The dollar, as the reserve currency, is not only a medium of wealth-holding but also a medium of circulation. In fact, it cannot be a medium of wealth-holding without also being a medium of circulation; countries need dollars for trading with one another. If there is a scarcity of any raw material or tropical wage goods produced within the Third World, relative to its demand in the world market, then its price rises. But obviously the overall extent of such inflation will be higher in an economy where it is the only product, or even the only major product, than in an economy where it is just one input into a whole range of products, i.e., within the Third World economy compared with the advanced capitalist economies where there is substantial value addition.

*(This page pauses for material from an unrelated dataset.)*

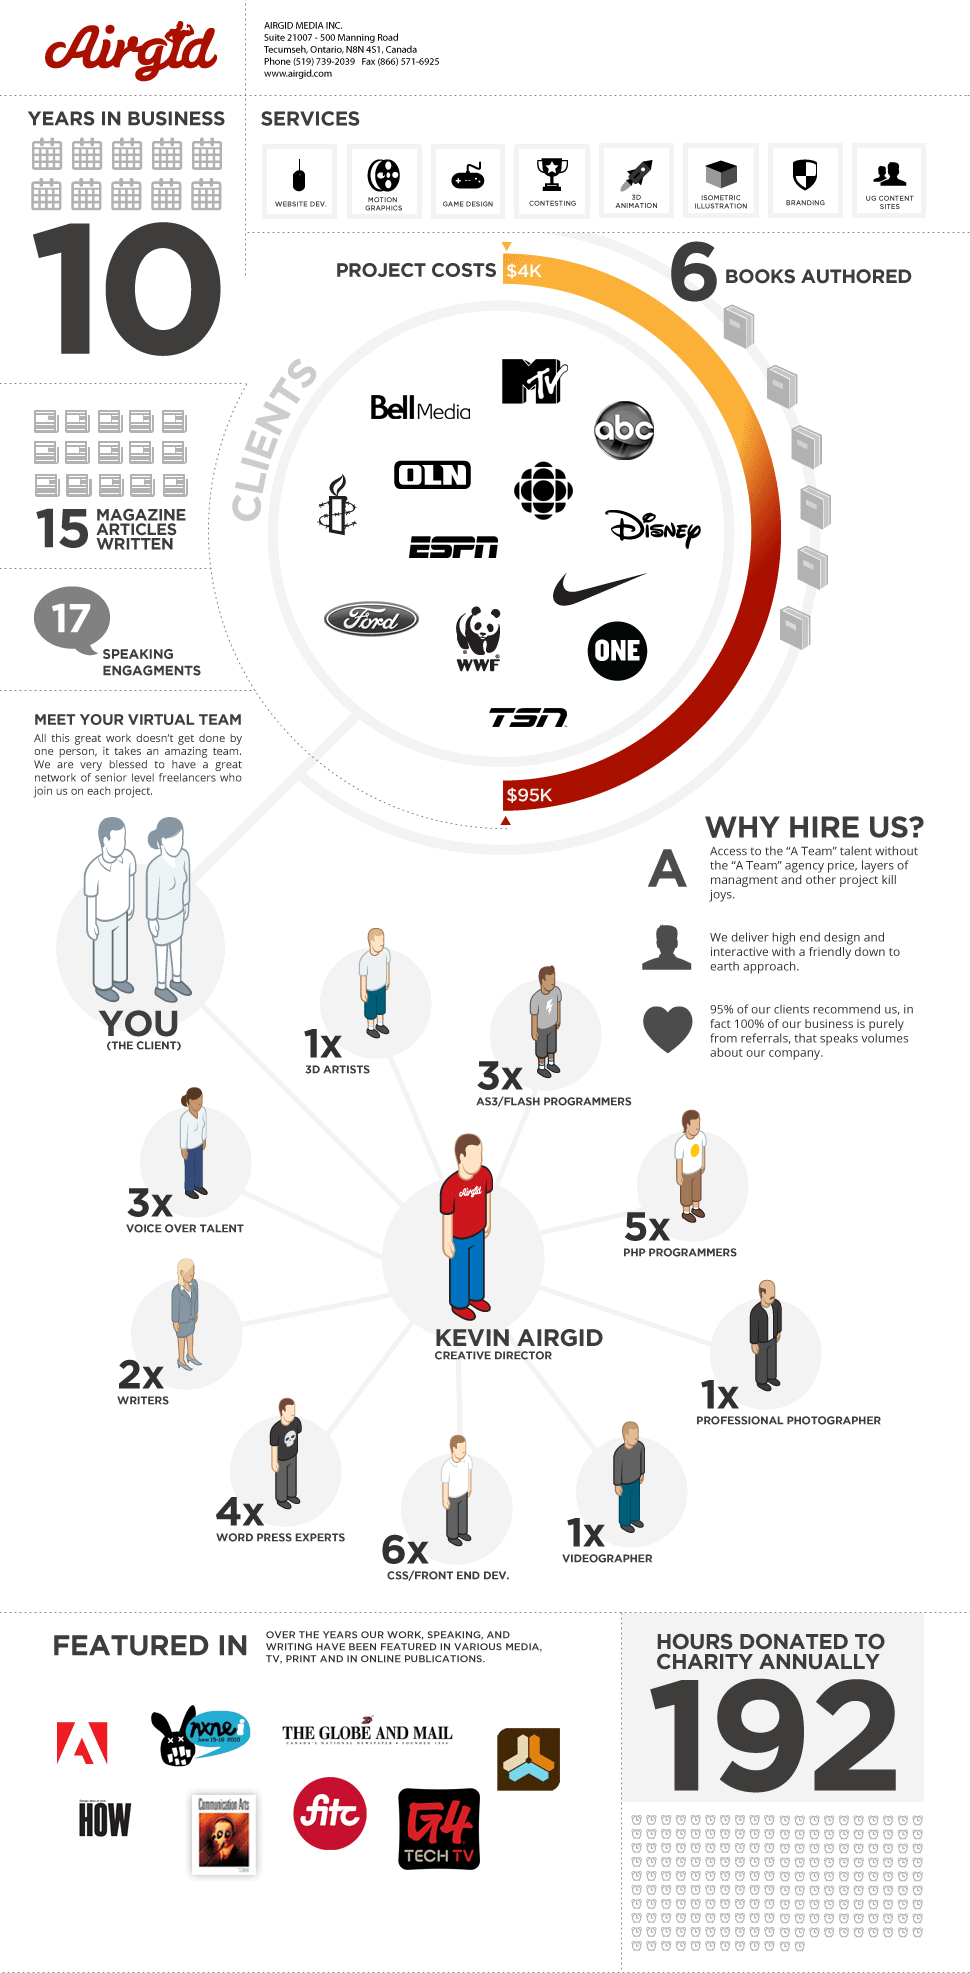 About Airgid Media Inc. Infographic

Because of this higher inflation, there would be capital flight in anticipation of a depreciation of the Third World currency relative to the dollar, which would cause an actual depreciation that may go on and on. To stem such depreciation, “austerity” measures would then be imposed upon the Third World, greater unemployment would be generated, and incomes would be compressed.

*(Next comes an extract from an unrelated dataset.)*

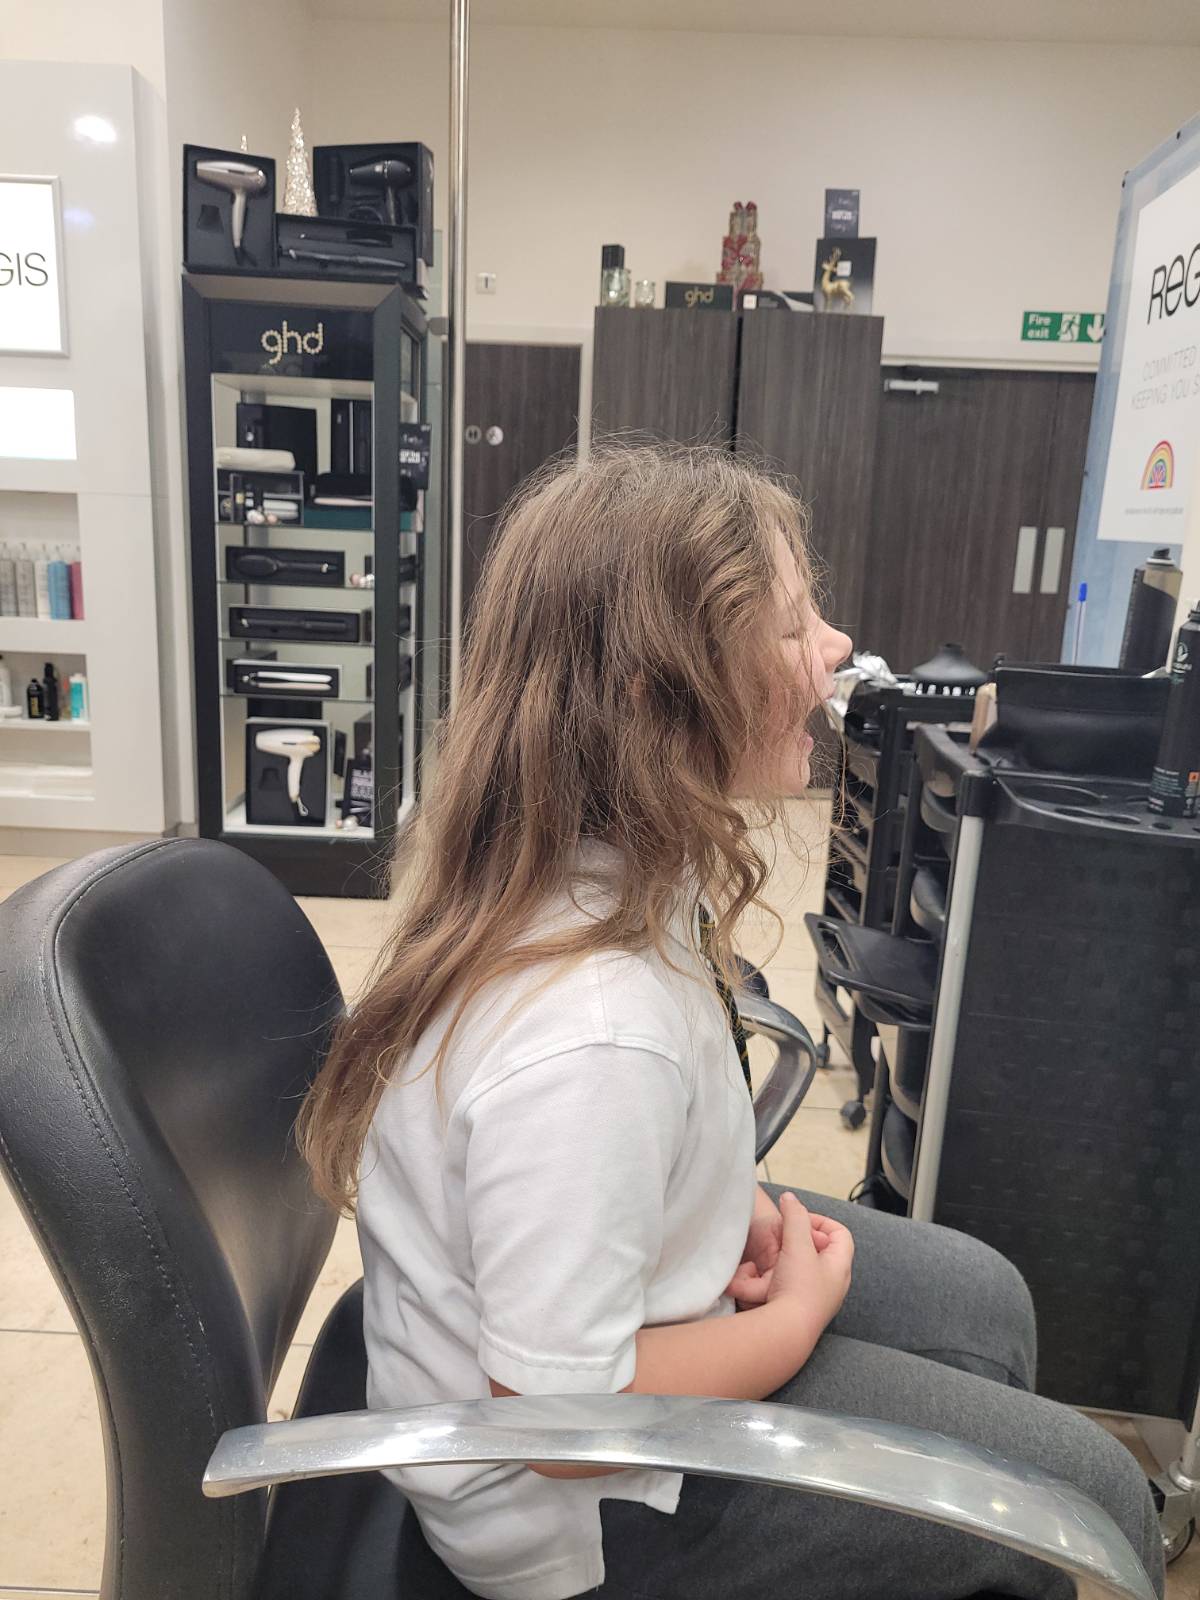 Genie-Jo only 7 years old has donated her never cut hair a massive 25cm of wavy hair

The growing wage goods and raw material needs of the metropolis as a whole, therefore, are met, even when there is no increase in their output, through compressing incomes and, hence, demand for such wage goods and raw materials within the Third World itself. This would not happen if the Third World did not use dollars and traded largely within itself. Dollar hegemony thus constitutes the basis of contemporary imperialism.

This hegemony is currently under threat. Trading arrangements with local currencies, or with new currencies, such as what the BRICS (Brazil-Russia -India-China-South Africa) countries are reportedly planning to introduce, are gaining ground, encouraged in particular by the number of countries against whom the advanced capitalist countries have imposed “sanctions”. Not that a collapse of dollar hegemony is imminent; but a process of its decline over time has been surely initiated.